Some significant findings from in vitro testing include cancer screening treatments, testing drugs with biochips, and replicating human skin for research. In vitro models of the brain and the blood-brain barrier are being used for studies of neurotransmitter pathways, electrophysiological characteristics, morphological associations of human diseases (i.e., Alzheimer’s, Parkinson’s, Huntington’s, and epilepsy), new drug designs, receptor targets, and modes of action of new pharmaceuticals.
Basic research is held to a lower standard than clinical research and is often to satisfy scientific curiosity and develop hypothesis that are in reality only relevant to animals and simply lead to more research and more publications. Clinical relevance is poor. For example, one study found that fewer than 10% of highly promising basic science discoveries enter routine clinical use within 20 years.
Finding new facts does not mean advancing human health.
Regardless of the species and the classification we afford them, subjecting animals to research is unethical and unscientific. It is unacceptable to justify their use in research by comparison with other inhumane treatments of that species outside of the laboratory context. The collective evidence is now robust enough that biologists and veterinarians increasingly accept fish pain as a reality*. Whilst fish may not evoke the same empathy that a cat or dog would, they have a right to be protected from harm.

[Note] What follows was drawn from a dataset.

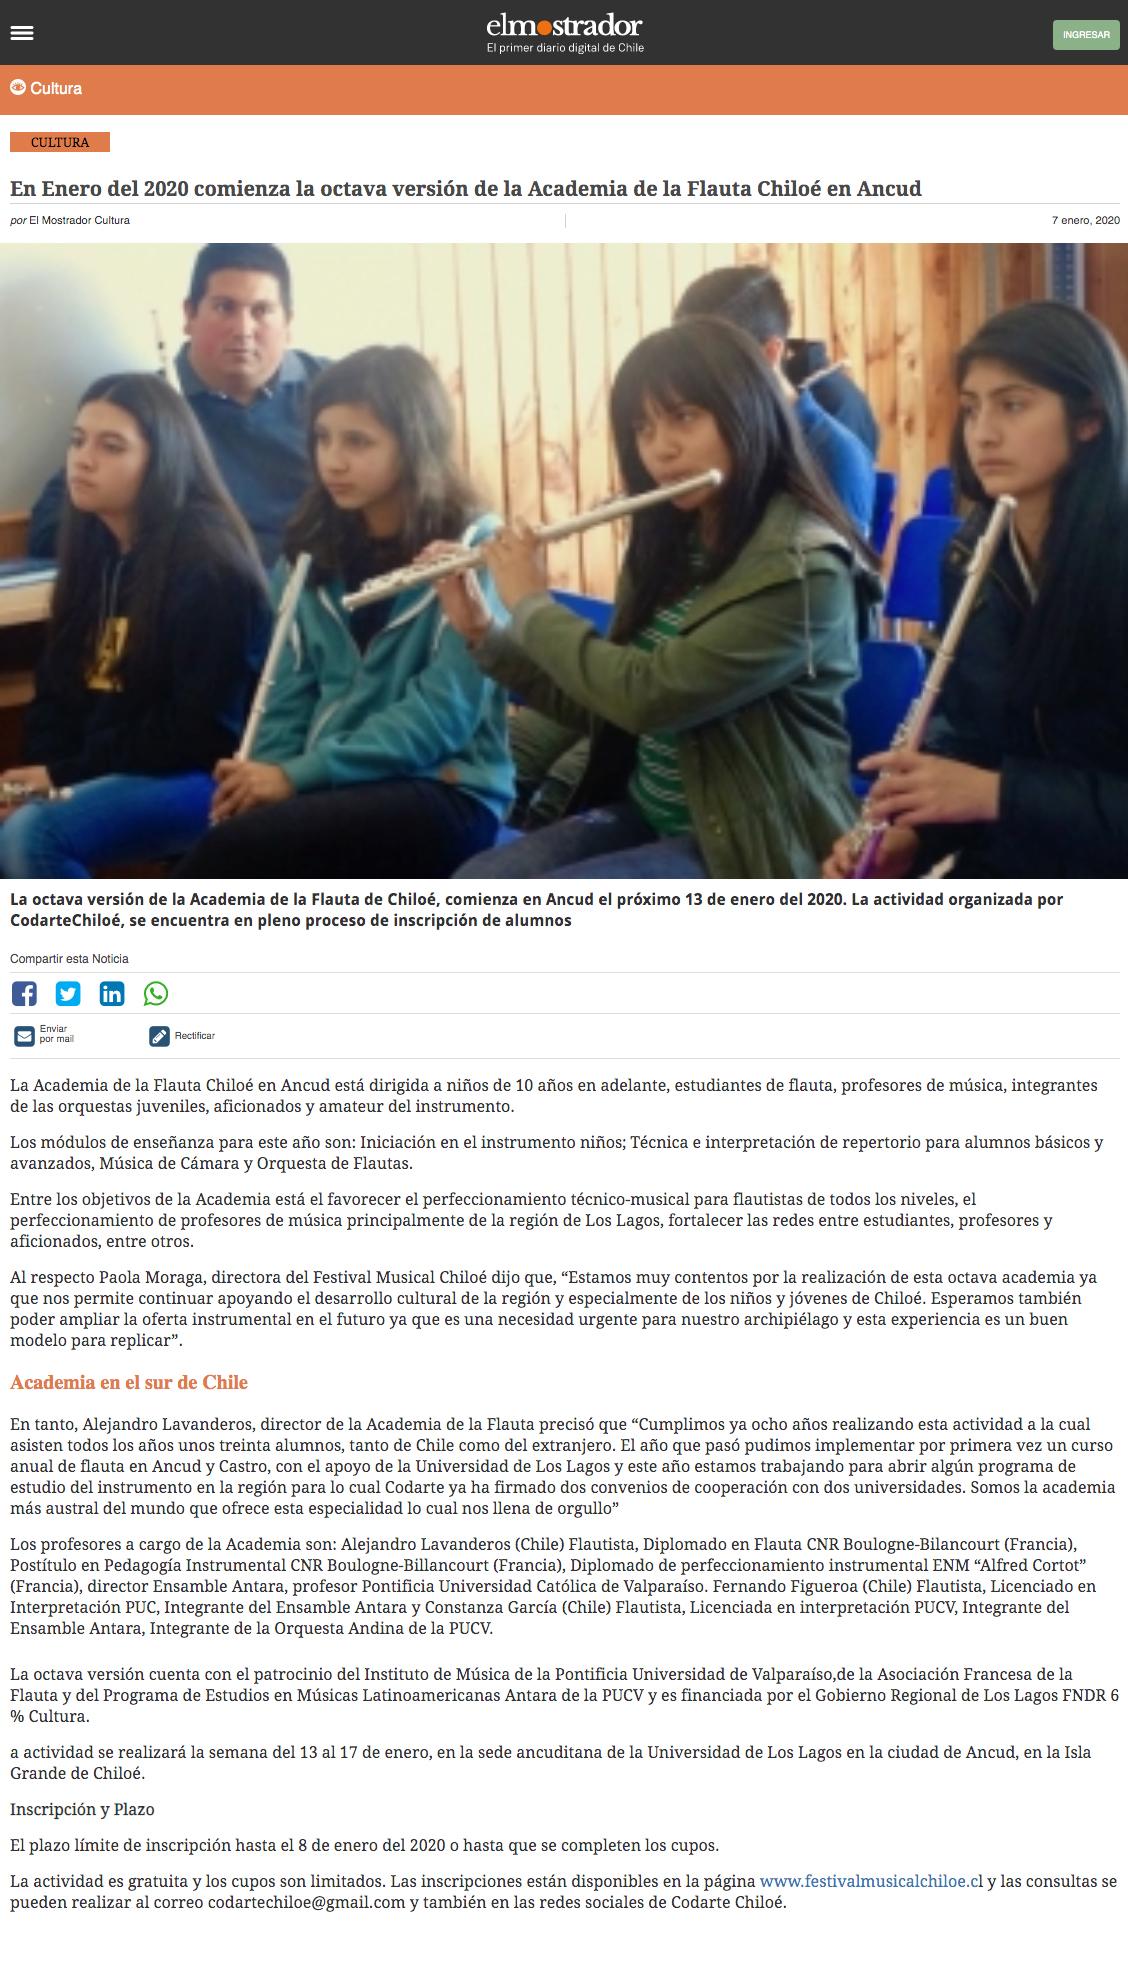 ElMostrador-07-01-2020

There is no legal requirement for animal experimentation in basic and applied research, nor for it to be part of education and training. However, Government regulators require that new consumer products, medicines,and industrial and agricultural chemicals are tested to identify potential dangers to human and animal health, as well as to the environment. For some product types (drugs and vaccines, biologicals), animal testing includes testing for efficacy as well as safety (toxicity). Before a drug can be marketed in Australia, it must be evaluated by the Therapeutic Goods Administration (TGA). Currently, one of the stages in the evaluation process is to evaluate animal pharmacology and toxicology data.